TASK DATA:
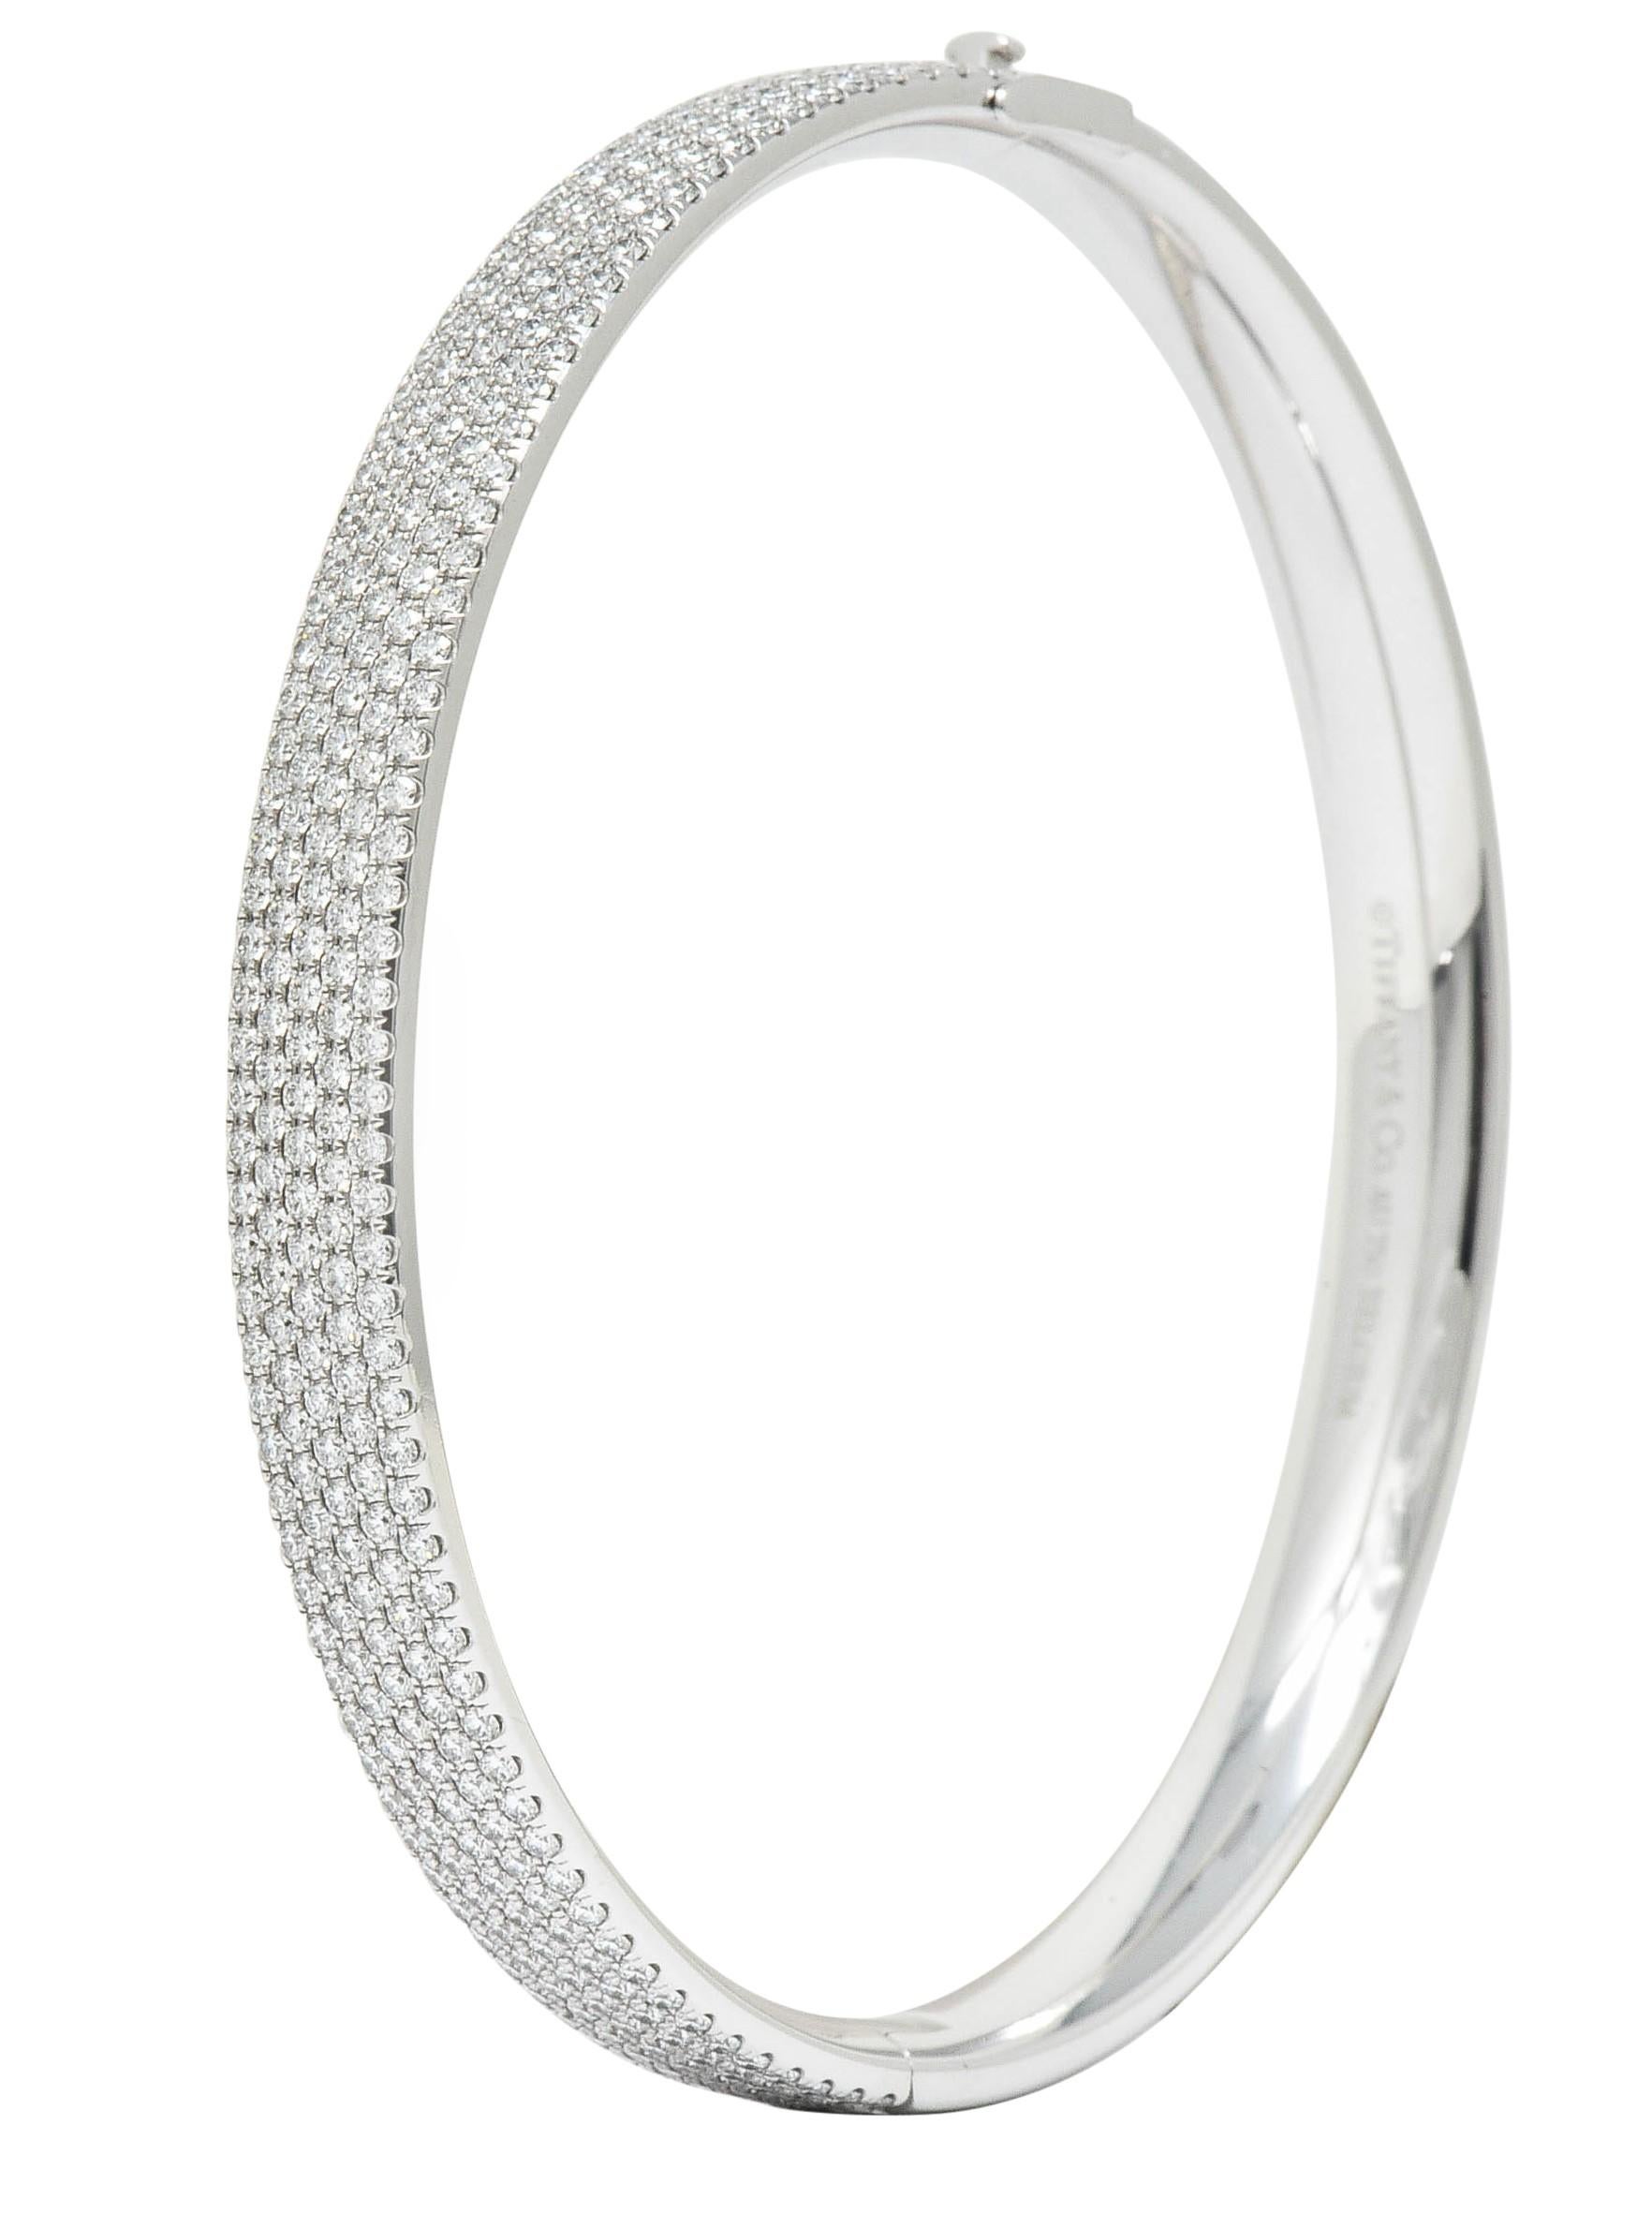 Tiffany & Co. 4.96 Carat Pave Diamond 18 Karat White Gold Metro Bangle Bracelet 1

==

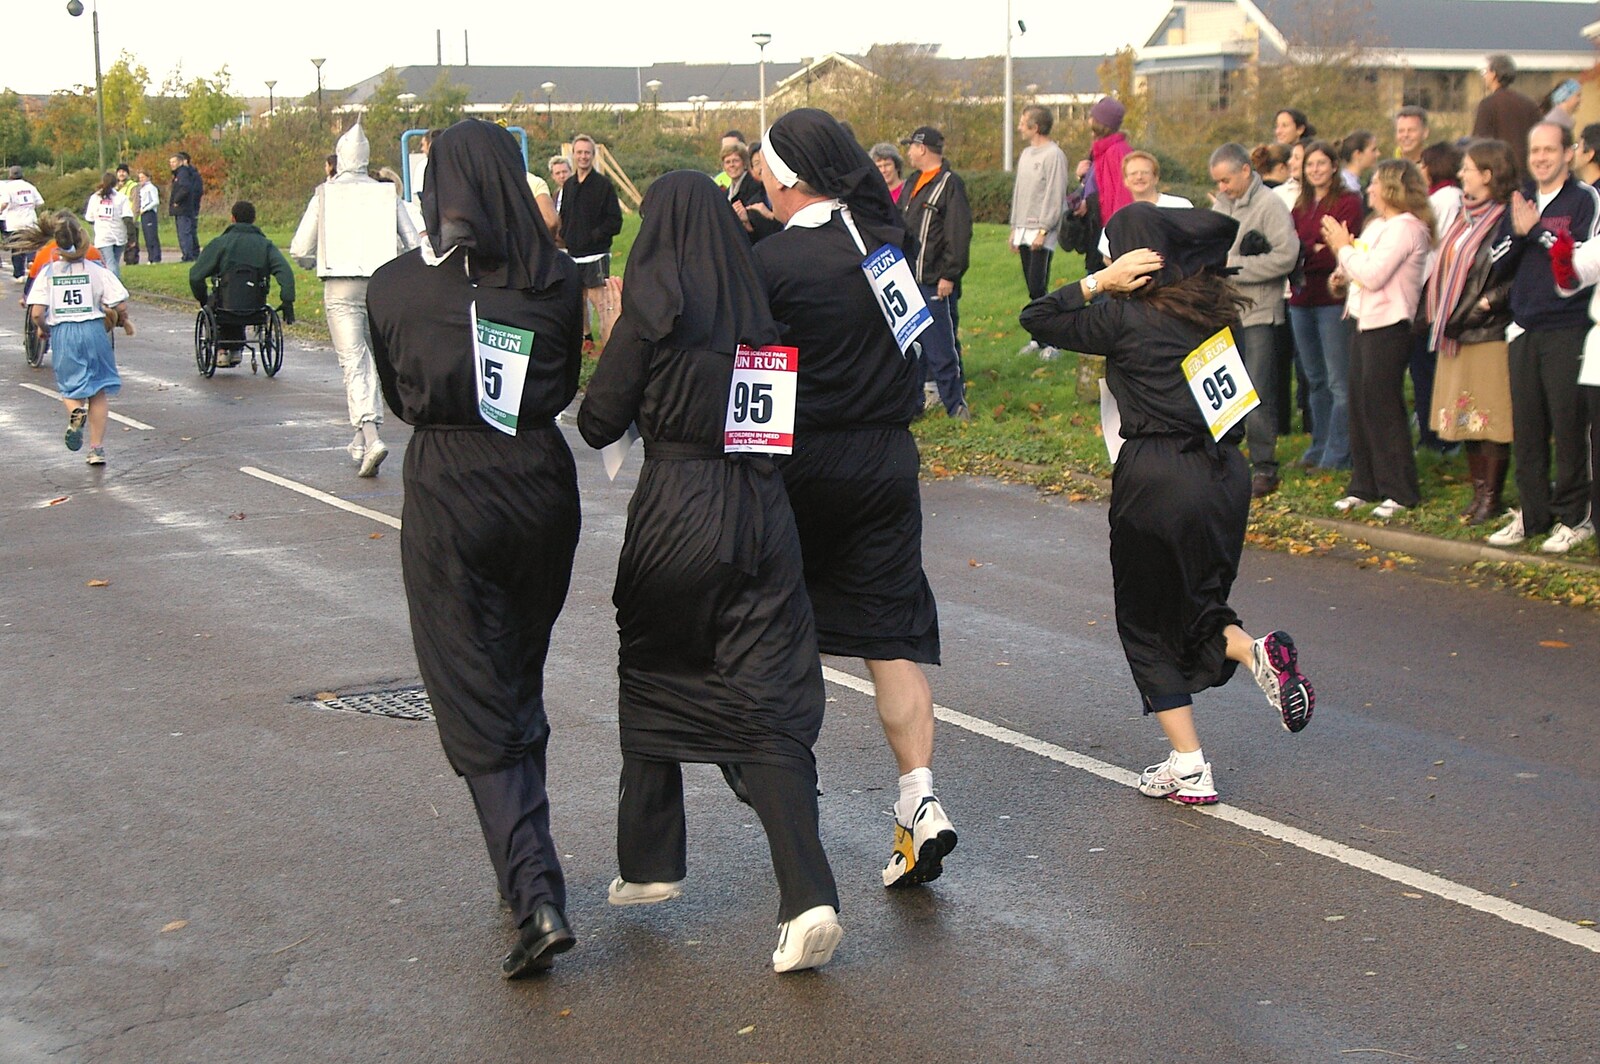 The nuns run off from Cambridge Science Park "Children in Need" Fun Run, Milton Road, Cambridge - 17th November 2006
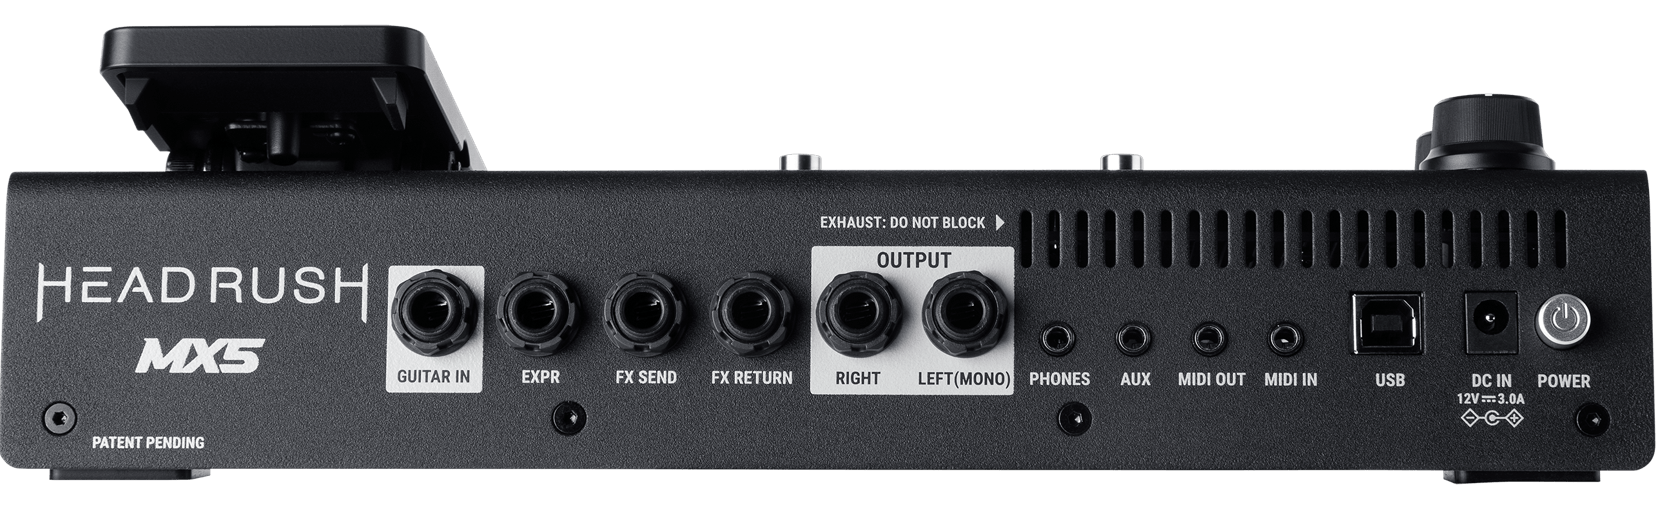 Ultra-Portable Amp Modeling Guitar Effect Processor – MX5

TASK INSTRUCTIONS: Nothing but the lines from the one containing "The nuns run" through the one containing "Ultra-Portable Amp Modeling" should appear, copied exactly from the material above and without pictures.

RESULT OF THIS EXERCISE:
 The nuns run off from Cambridge Science Park "Children in Need" Fun Run, Milton Road, Cambridge - 17th November 2006
 Ultra-Portable Amp Modeling Guitar Effect Processor – MX5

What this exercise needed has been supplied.